Peter Merseburger wurde mit seinem Wirken für das ARD-Magazin „Panorama“ zur Symbolfigur für kritischen, investigativen Rundfunkjournalismus in der Bundesrepublik. Er galt als streitbar und unabhängig, stellte sich auch gegen politische Interventionen und thematisierte systematisch Tabus wie den Paragrafen 218, Skandale und die Nähe von Parteien zu extremistischen Kreisen. Sein journalistischer Grundsatz war ein antiautoritäres, aufklärerisches Denken, dem er mit Hartnäckigkeit und Widerstandskraft nachging – auch auf die Gefahr hin, institutionellen oder parteipolitischen Widerstand zu provozieren.

Die deutsche Mentalität

Von Tucholsky bis Merseburger verkörpern diese Journalisten eine Tradition, die in Deutschland stets eine Ausnahme blieb: kompromissloser, staatskritischer Journalismus, der sich bewusst gegen Mehrheitsdruck und autoritäre Versuchungen stellte. Sie zeigten, wie relevant und notwendig unabhängige Medien als Korrektiv für jede Demokratie sind.

Die Frage ist: Warum blieben sie Ausnahmen? Warum konnte sich diese Haltung nicht durchsetzen in einem Land, das heute zu den stabilsten Demokratien der Welt zählt?

Die Antwort liegt möglicherweise in jener Mentalität, die Heinrich Mann in seinem Roman „Der Untertan“ (1918) so treffend diagnostizierte: dem deutschen Hang zur Autoritätshörigkeit, dem Buckeln nach oben und Treten nach unten. Diederich Heßling, Manns Protagonist, verkörpert eine Geisteshaltung, die auch heute noch in Redaktionsstuben zu finden ist – die instinktive Ehrfurcht vor der Macht, die Scheu vor dem offenen Konflikt mit Autoritäten.

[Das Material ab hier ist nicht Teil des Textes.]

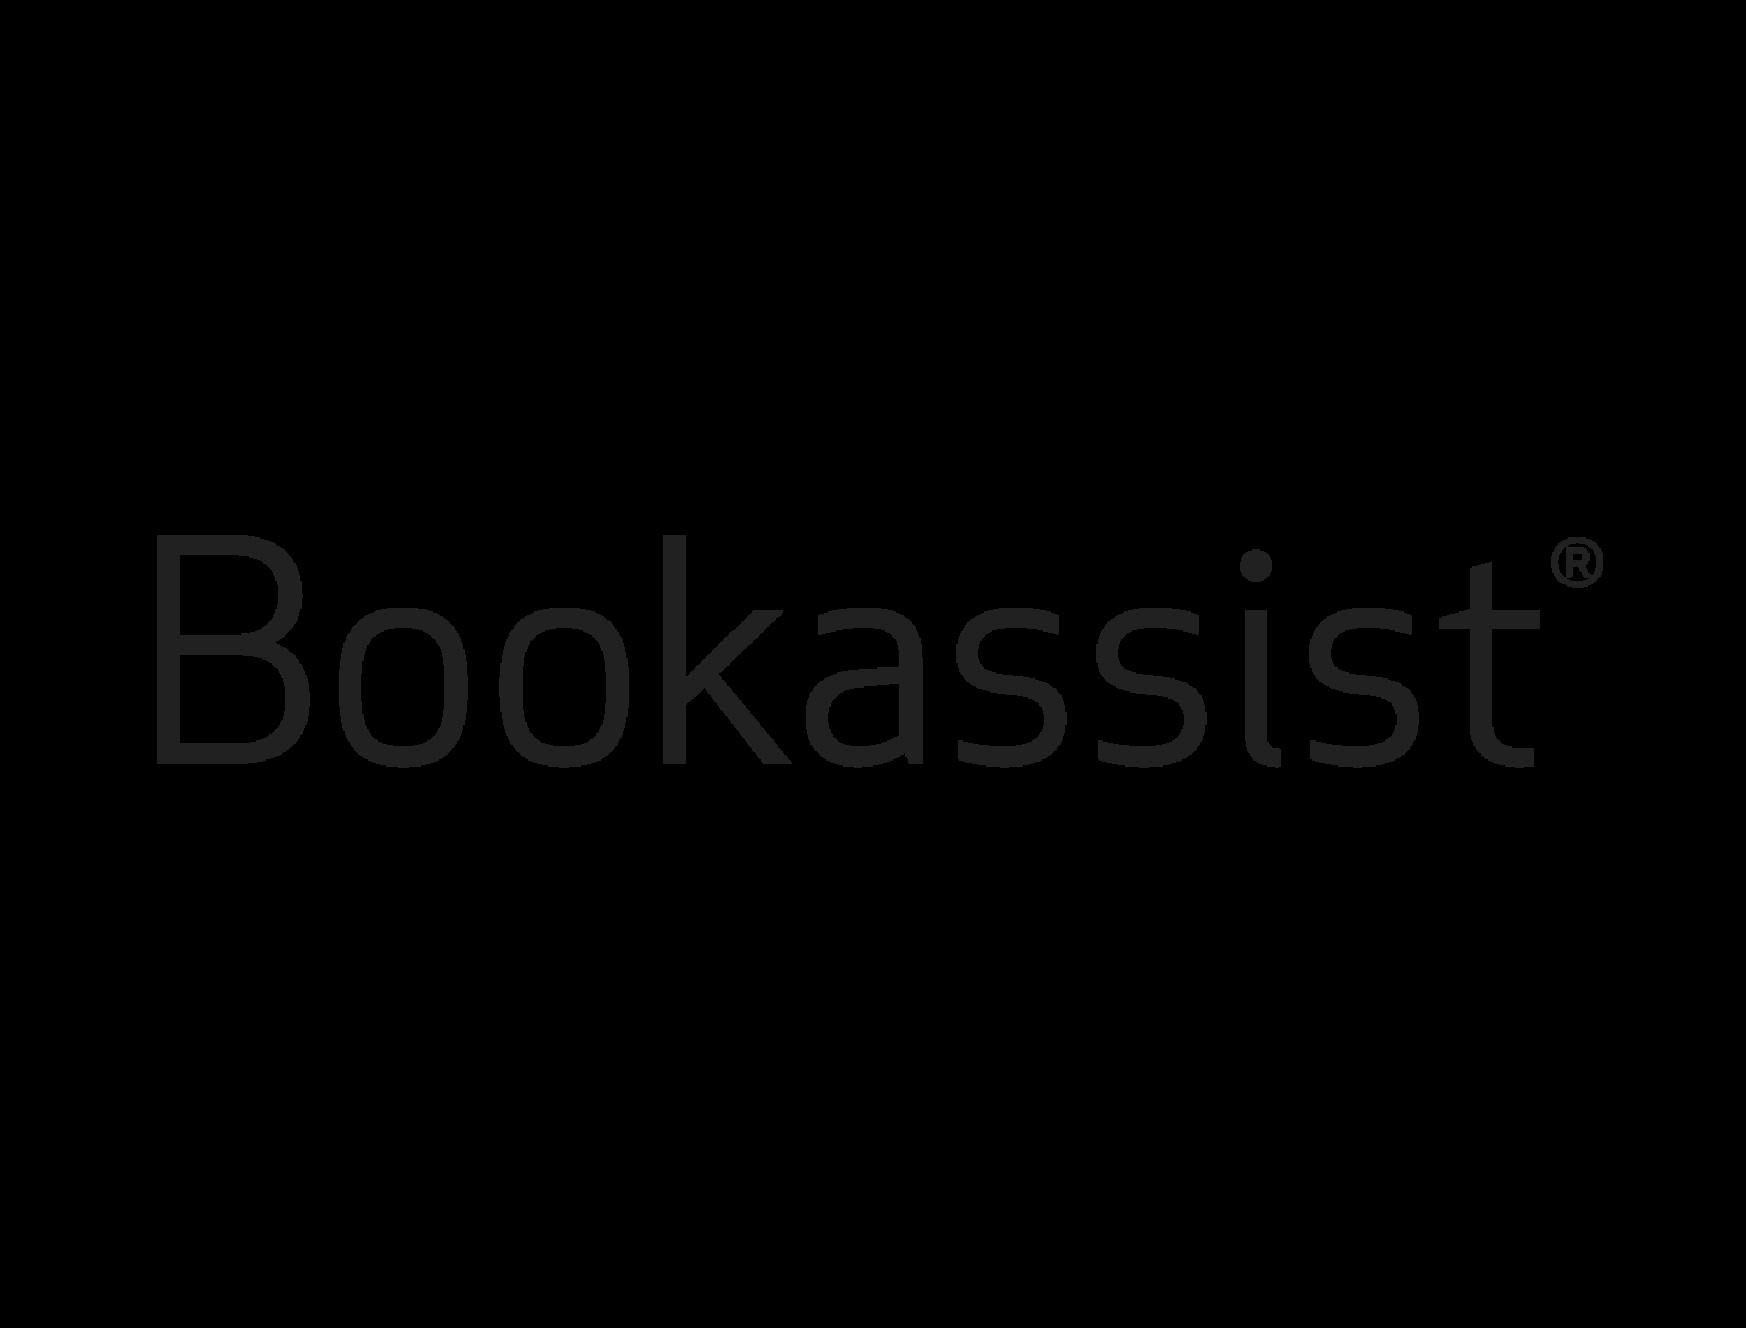 Bookassist

Diese historisch gewachsene Tradition des obrigkeitsorientierten Denkens, verstärkt durch die Nähe zwischen Medien und staatlichen Institutionen, prägt ein journalistisches Selbstverständnis, das Harmonie über Widerspruch stellt. Während angelsächsische Medien den demokratischen Streit als produktiv begreifen, herrscht in Deutschland oft die Vorstellung vor, Journalismus müsse zur gesellschaftlichen Befriedung beitragen – eine Haltung, die verdächtig an Heßlings Sehnsucht nach Ordnung und Konsens erinnert.

Dahrendorfs Warnung

Doch Demokratie lebt vom Widerspruch, von der permanenten Infragestellung der Macht. Der Soziologe Ralf Dahrendorf brachte diese Erkenntnis auf den Punkt: „Für die Verfassung der Freiheit ist die Herrschaft des Rechts weniger wichtig als die Lebendigkeit des Konfliktes.“ Dahrendorf warnte vor der deutschen Neigung, Konflikte durch den Verweis auf vermeintlich überparteiliche Instanzen zu vermeiden – eine Haltung, die er als „Aversion gegen Konflikt“ und „Ausweichen vor der unbequemen Liberalität der Ungewißheit“ beschrieb.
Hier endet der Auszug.